Wendy Kelly drove for an hour to Baltimore from her Vienna, Va., home Tuesday night and stayed with a friend so she could catch the 6:10 a.m. Southwest flight to Cleveland.

"I haven't been to BWI for 10 years," said Ms. Kelly, who normally flies out of Dulles, 15 minutes from her home. "But these fares were just too good."

The key to Southwest's success is low fares. Already, it has driven down prices among major competitors at BWI. But low operating costs -- produced by quick turnarounds, efficient use of crews and no frills -- are what make such fares possible.

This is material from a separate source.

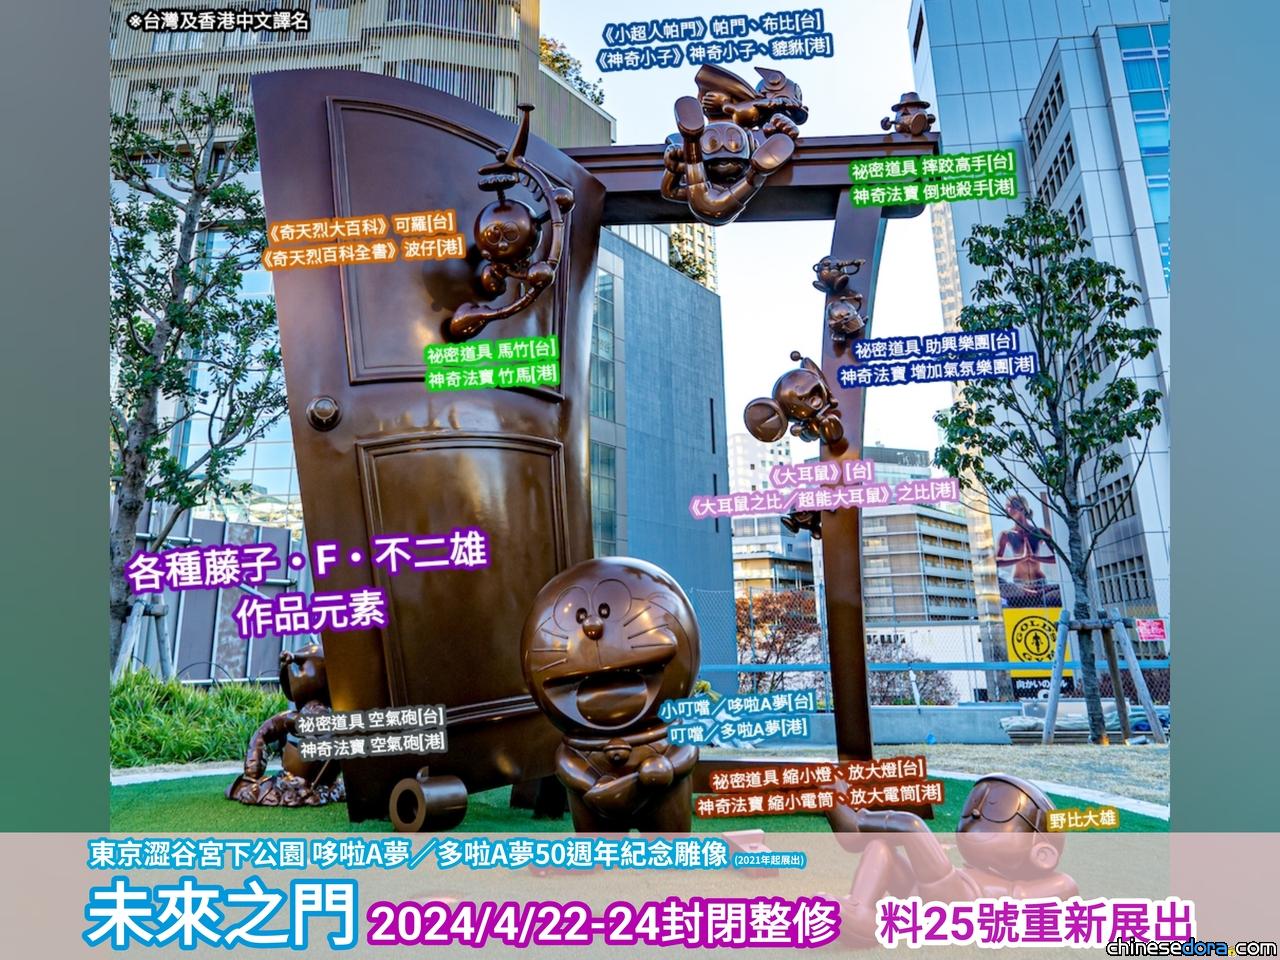 [日本] 宮下公園「哆啦A夢 未來之門」 4/22起3天封閉整修

On the half-empty, early morning Baltimore-to-Cleveland flight yesterday, the Boeing 737 taxied from the gate on time. On board, passengers got coffee and orange juice; Southwest rarely serves meals.

While none of the attendants surprised passengers by jumping out of the overhead compartments (as they have on occasion), the crew maintained its reputation as fun-loving.

The crew played games with the passengers and rewarded winners with $25 discount coupons.

It's that kind of fun that has made Southwest a longtime friend of Roberta and Sanford Wasserstrom of Cleveland. Already, they've purchased three sets of Southwest tickets to visit their children and six grandchildren in the Baltimore-Washington-Philadelphia area before Jan. 1.

Using the airline's "friends fly free" program, round-trip tickets for two cost just under $100, they said.

"At that price, we can afford to drop in for dinner," said Ms. Wasserstrom. "And this airline is so much fun."